Learn how to solve problems that may occur in your Oracle Communications Billing and Revenue Management (BRM) cloud native system.

Topics in this document:

Problems with the Helm Installation

If a Helm installation encounters errors, such as an incorrect namespace, follow these steps to get back to a state where you can fix the issue and do a new installation.

Note:

For more information about Kubernetes commands, see "kubectl Cheat Sheet" in the Kubernetes documentation.

  1. Check the state of the deployment:

    kubectl get pods -o wide -n NameSpace

    To see information about a specific pod:

    kubectl describe pod PodName -n NameSpace
  2. Use the helm rollback command to go back to a previous revision of the chart, or use the helm uninstall command to uninstall the chart.
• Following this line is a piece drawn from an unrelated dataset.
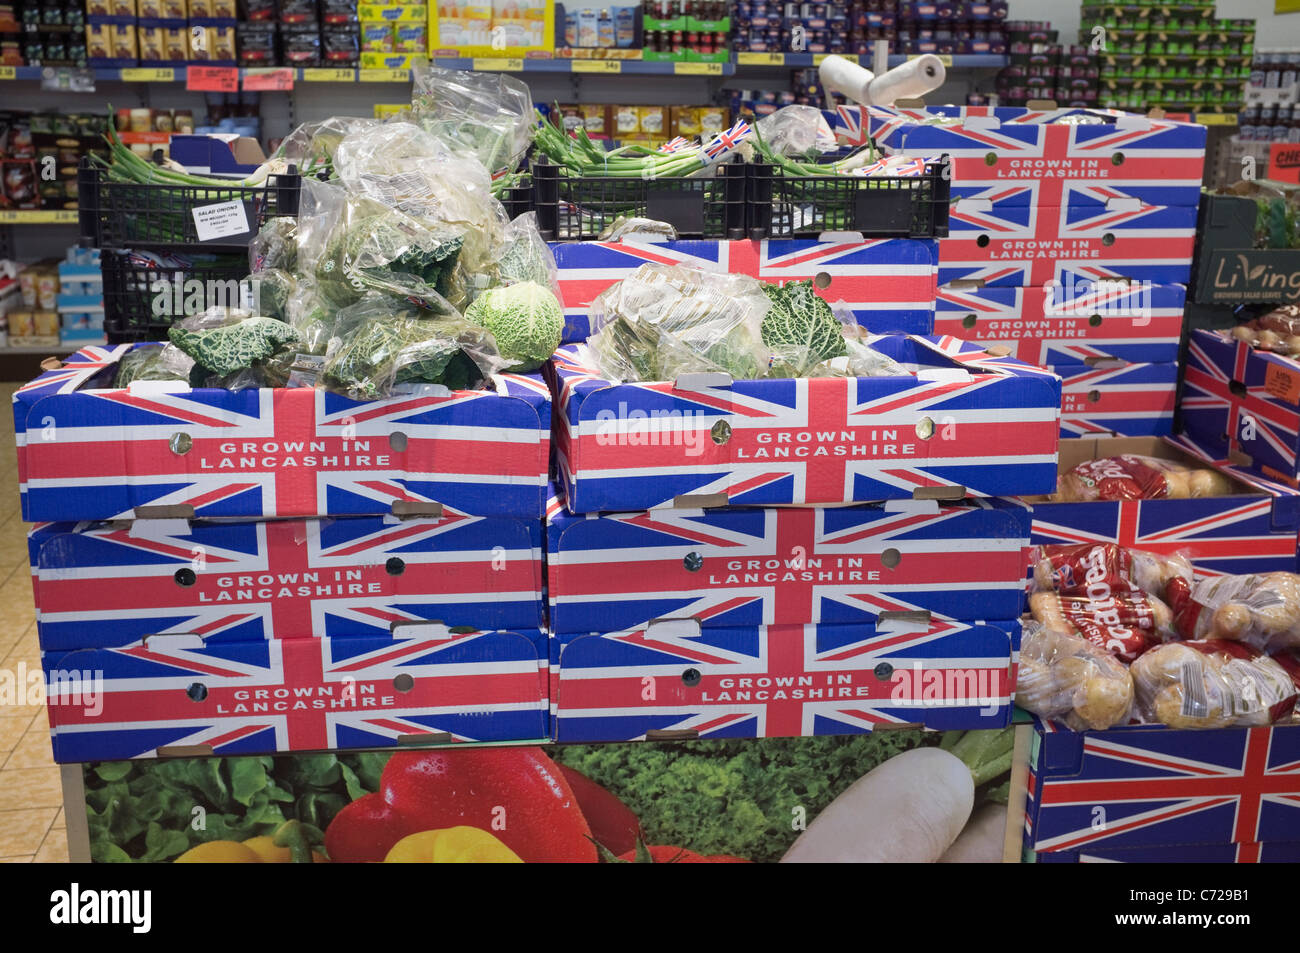 La boîtes de légumes cultivés dans le Lancashire en vente dans un supermarché Lidl UK, Grande-Bretagne. Banque D'Images

See "Rolling Back A Release To A Previous Revision" in BRM Cloud Native System Administrator’s Guide, or see "Helm Uninstall" in the Helm documentation.
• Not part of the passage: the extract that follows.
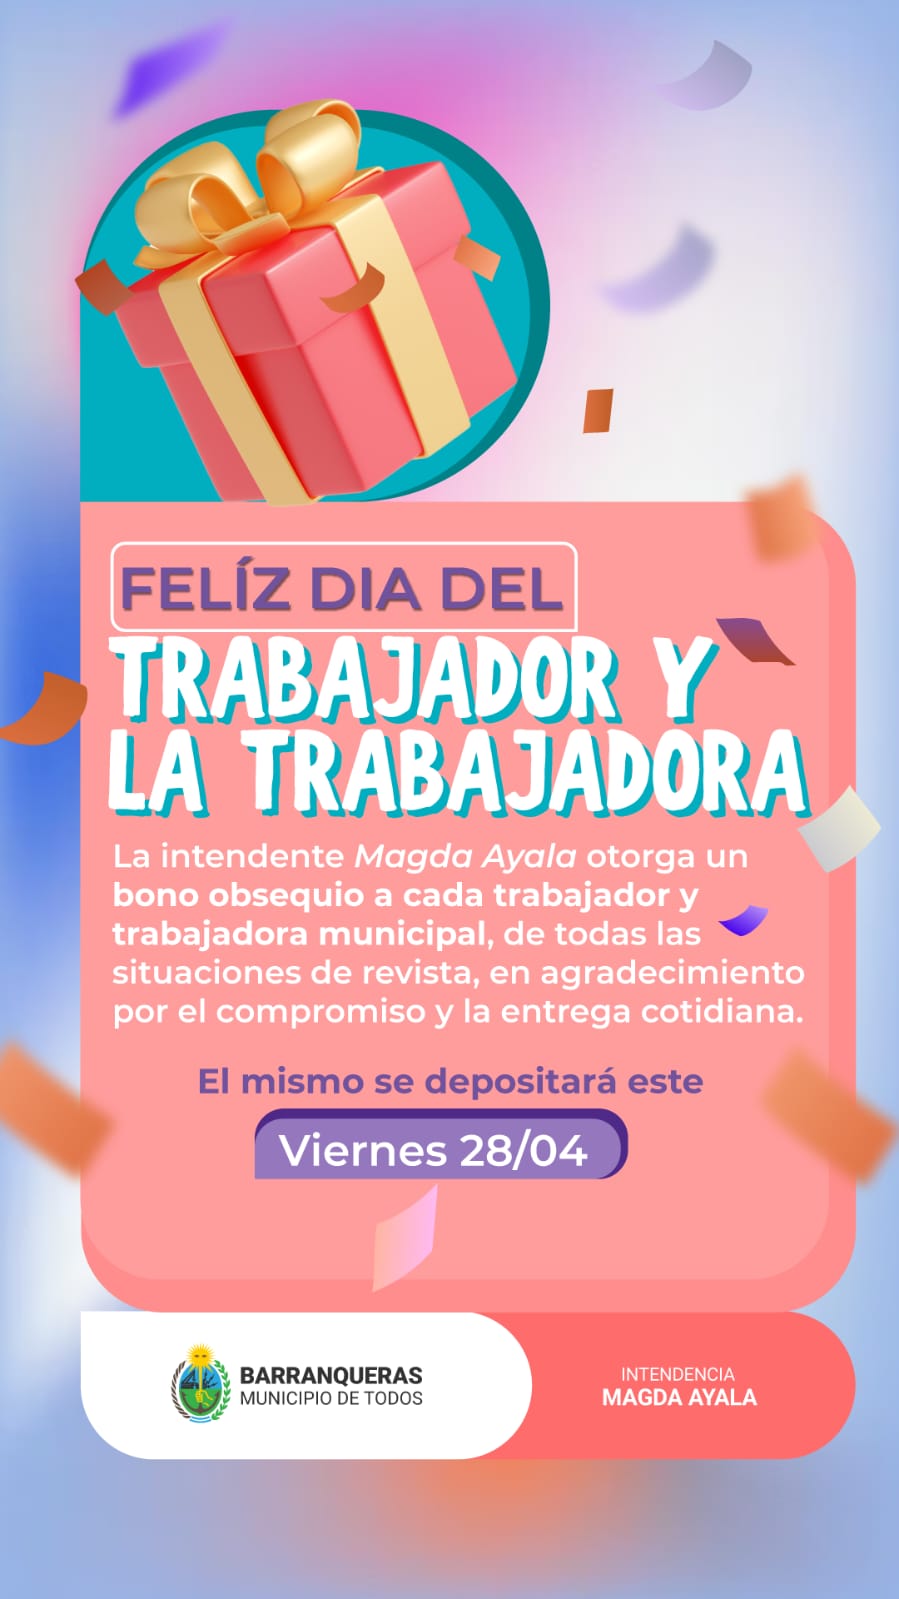 Barranqueras: Habrá un bono especial para empleados municipales por el Día del Trabajador; el mismo se depositará hoy viernes 28

  3. If neither rolling back nor uninstalling the chart are successful, do the following to identify Kubernetes resources that did not install correctly and then delete them:

    • Check and delete all other stateful set components from the cluster:

      kubectl get sts

      If you identify a stateful set that you want to delete, scale the number of replicas:

      kubectl scale statefulsets StatefulSetName --replicas=n

      where StatefulSetName is the name of a stateful set, and n is the number of replicas you are scaling to. For more information, see "Scale a StatefulSet" in the Kubernetes documentation.
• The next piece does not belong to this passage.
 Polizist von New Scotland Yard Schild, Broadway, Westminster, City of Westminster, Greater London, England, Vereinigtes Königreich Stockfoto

      Then, delete the stateful set:

      kubectl delete StatefulSetName 

      You can run kubectl get sts again to verify the deletions.

    • If you need to clean up Apache Kafka and Apache ZooKeeper, scale to 0 and then delete:

      kubectl scale sts/kafka_pod --replicas=0
      kubectl scale sts/zookeeper_pod --replicas=0
      kubectl get pods
      kubectl get sts
      kubectl delete sts kafka_pod zookeeper_pod
    • If necessary, check any PVC, Secret, ConfigMap, or service that was created by the deployment. If the output from any of these commands shows something that you want to clean up, you can use kubectl delete to remove it.

      For example:

      kubectl get pvc --all-namespaces
      kubectl delete pvc PVCName
      
      kubectl get secrets --all-namespaces
      kubectl delete secret SecretName
      
      kubectl get configmap --all-namespaces
      kubectl delete configmap ConfigMapName
      
      kubectl get svc --all-namespaces
      kubectl delete svc SVC1 SVC2 

Helm Installation Fails with Time-Out Error

After you deploy a Helm chart, you may receive the following error message indicating that the Helm chart installation failed:

Error: failed post-install: timed out waiting for the condition

This occurs because a post-installation job took longer than five minutes to complete.

To resolve the issue:

  1. Purge your Helm release:

    helm delete BrmReleaseName --purge

    This removes and purges all resources associated with the last revision of the release.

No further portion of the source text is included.